Mark Twain-isms
We’ve all heard of and read Mark Twain, the late 19th century American writer, humorist, entrepreneur, publisher and lecturer. (Thank you Tom Sawyer and 8th grade English!) He has been lauded as the "greatest humorist the United States has produced,” and even now, more than 100 years later, it’s tough to find somebody that supersedes him. Here, a few of his best quotes.
“Why shouldn’t truth be stranger than fiction? Fiction, after all, has to make sense.”
“Man—a creature made at the end of the week’s work when God was tired.”
“A lie can travel halfway around the world while the truth is putting on its shoes.”

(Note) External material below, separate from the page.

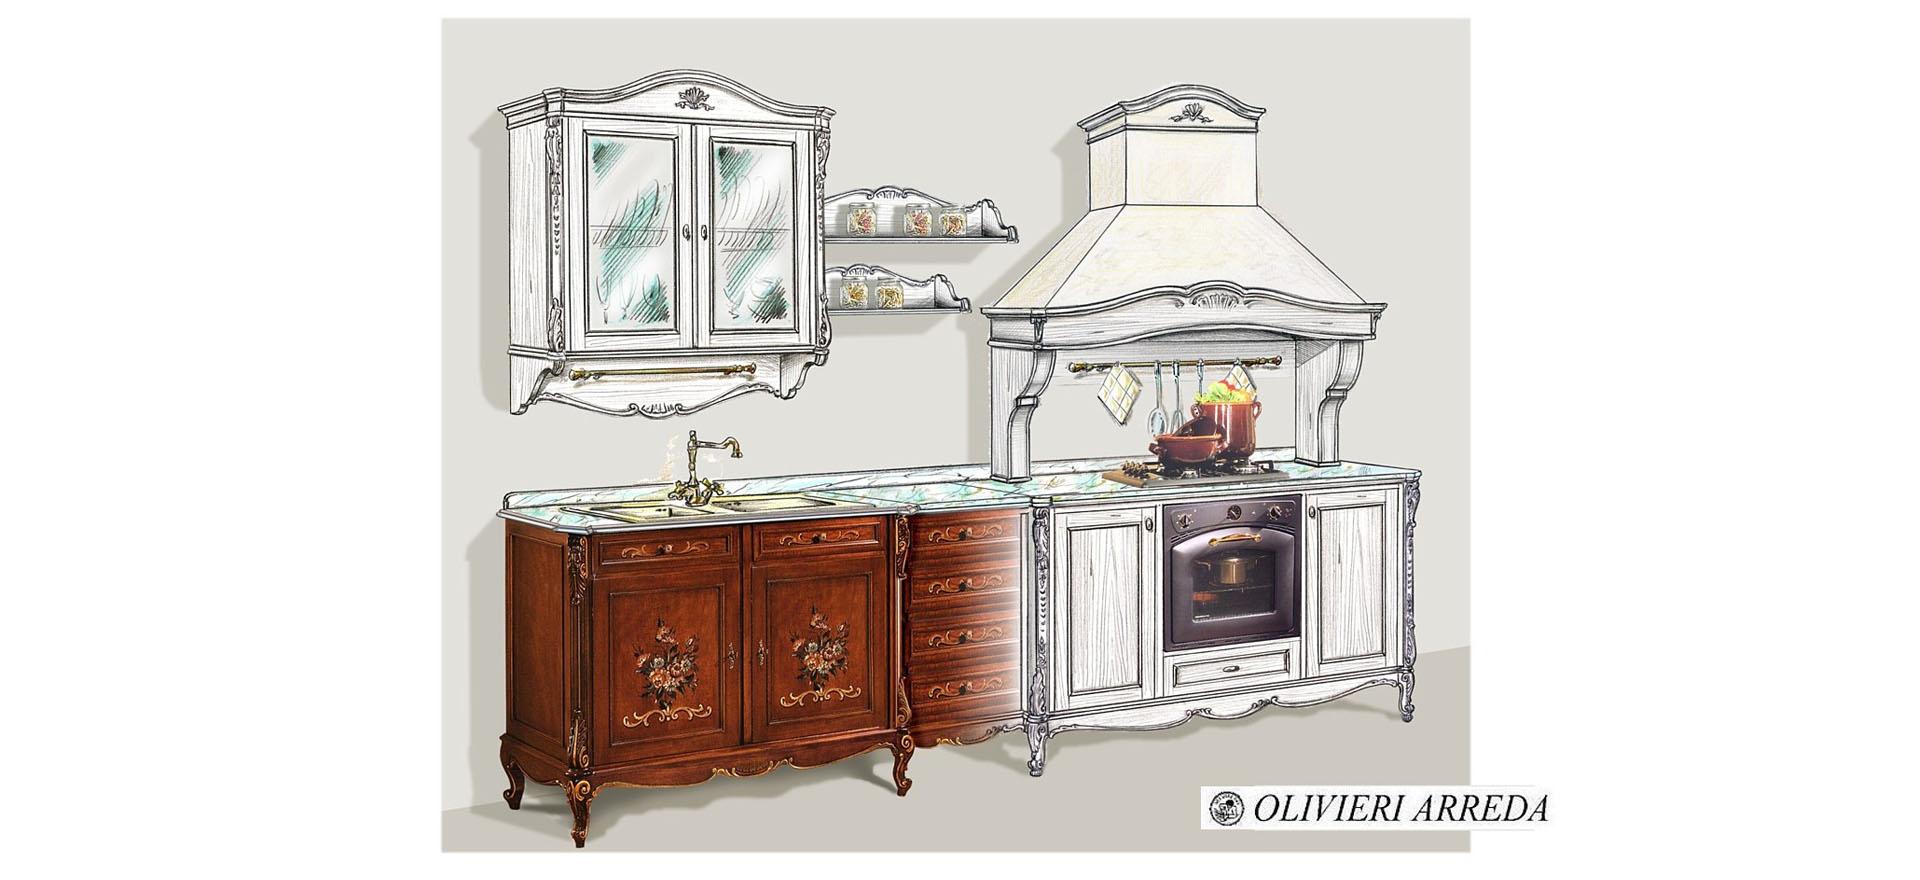 cucina interna con decori-

“Get your facts first, then you can distort them as much as you please.”
“When I was a boy of 14, my father was so ignorant that I could hardly stand to have the old man around. But when I got to be 21 I was astonished at how much he had learned in seven years.”
“I don’t like to commit myself about heaven and hell. You see, I have friends in both places.”
“The radical of one century is the conservative of the next. The radical invents the views. When he has worn them out, the conservative adopts them.”
“When your friends begin to flatter you on how young you look, its a sure sign you’re getting old.”
“It is not best that we should all think alike; it is differences of opinion that make horse races.”
”There is no sadder sight than a young pessimist.”
“Loyalty to a petrified opinion never yet broke a chain or freed a human soul.”
“Let us endeavor to live so that when we come to die even the undertaker will be sorry.”